God, you know how hard i find it to express myself at times in actions,
yet i pray that you guide me to find ways to bless them and touch them in ways that will move their hearts.
i'm only good at expressing myself through words,
but they don't receive love that way.

_________________about jonah.
i'm wondering..
did jonah only pray out of desperate-ness?
did he only answer, yes i have a God who could have caused this storm because he was asked to?
so if he were really like that,
what is it that i can learn from him?
what is it that he has done,
to remain forever and ever in the bible?

and then i wonder,
have i ever run away form God's plan for me?
how has God used my ineptness for the kingdom?
many many times,
i make so many stupid stupid mistakes,
yet God still continues to trust me with his flock.
i feel so scared sometimes,
when someone under me isn't doing well,
and i keep wondering,
will she backslide?
God, are such thoughts rebellious to your nature of grace and hope?
hope. such a calm word of power.
encompassing everything anyone could possibly ever want.
hope.
i want to hope for a better future in christ.
i want to hope for a better me in christ.
is this what God saw in jonah?
the hope of a man who could do great things for God?

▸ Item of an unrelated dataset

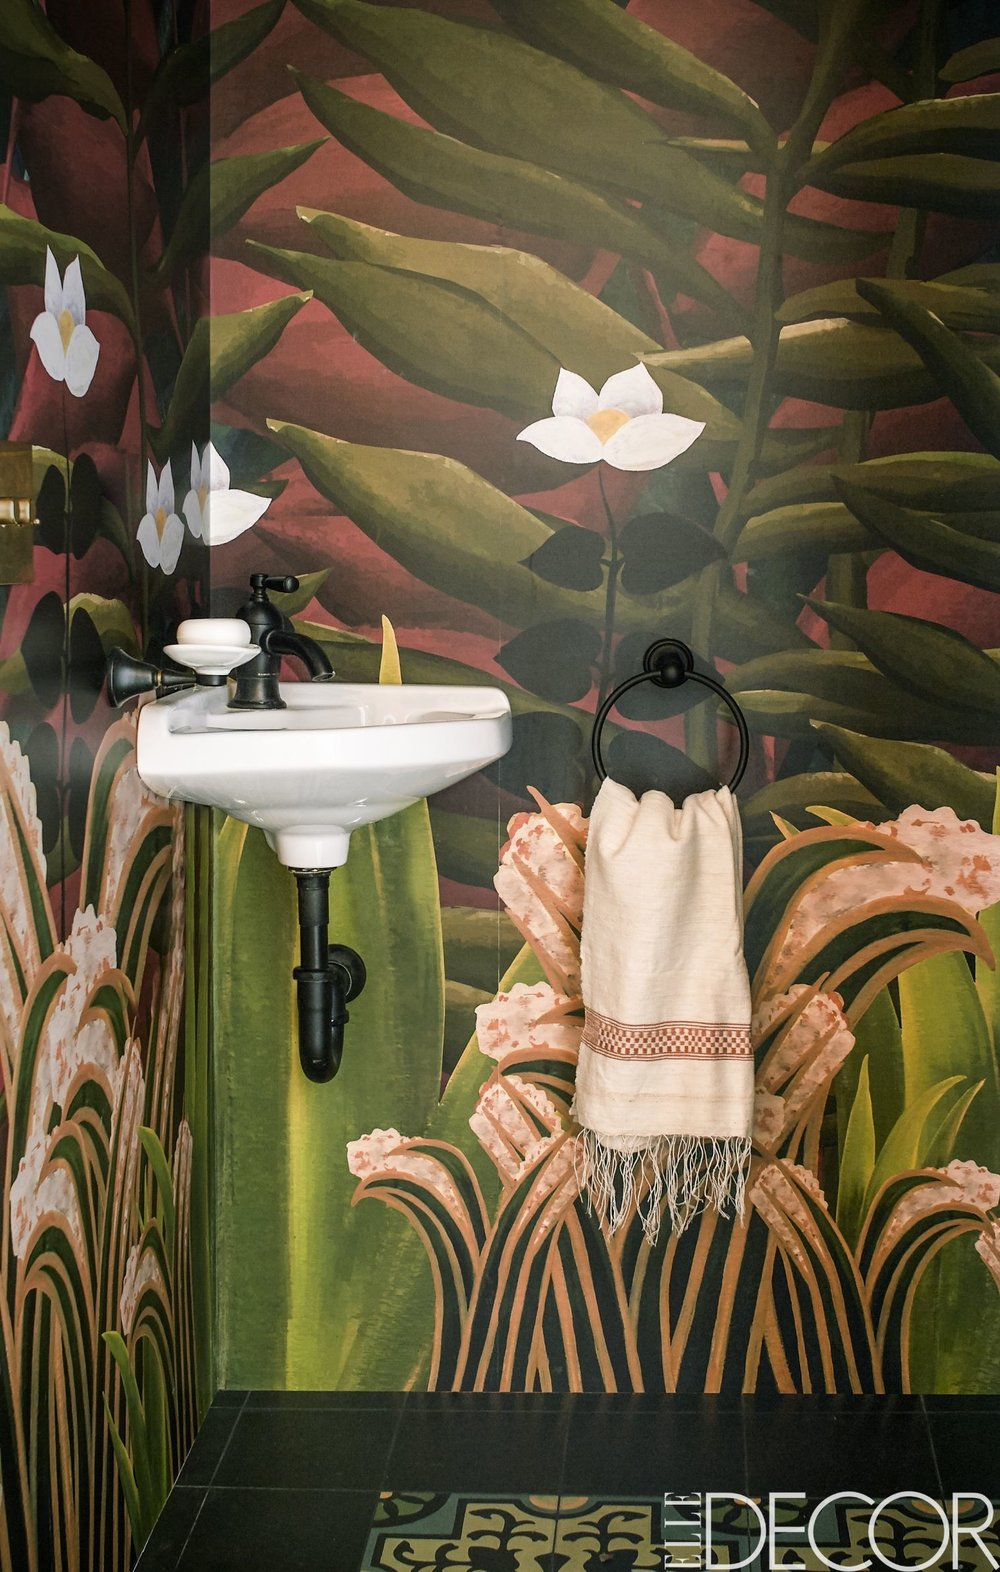 elle-decor-west-village-home-bathroom-1492019356.jpg

God, why do you play with such high stakes?
why do you engage in deadly games where the stakes are against you?
you gave us free will,
knowing full well we'll rebel,
and at the same time,
entrusted everything under the earth to us,
knowing full well we'll destroy it.
yet you still did it anyway,
with the hope that we wouldn't.
WOW.
like a dad spoiling the child
with candy he knows will spoil the child's appetite
but giving in because the child wants it so much...
you hurt yourself
and you bring negative consequences unto yourself
just to give us what we would want?
WOW.
WOW.
WOW.
i feel as though i'm rambling,
which i probably am,
but no matter.
God's love is so awesome.
i really should get that more often.

and NOTE TO SELF,
get doubts answered by someone,
anyone!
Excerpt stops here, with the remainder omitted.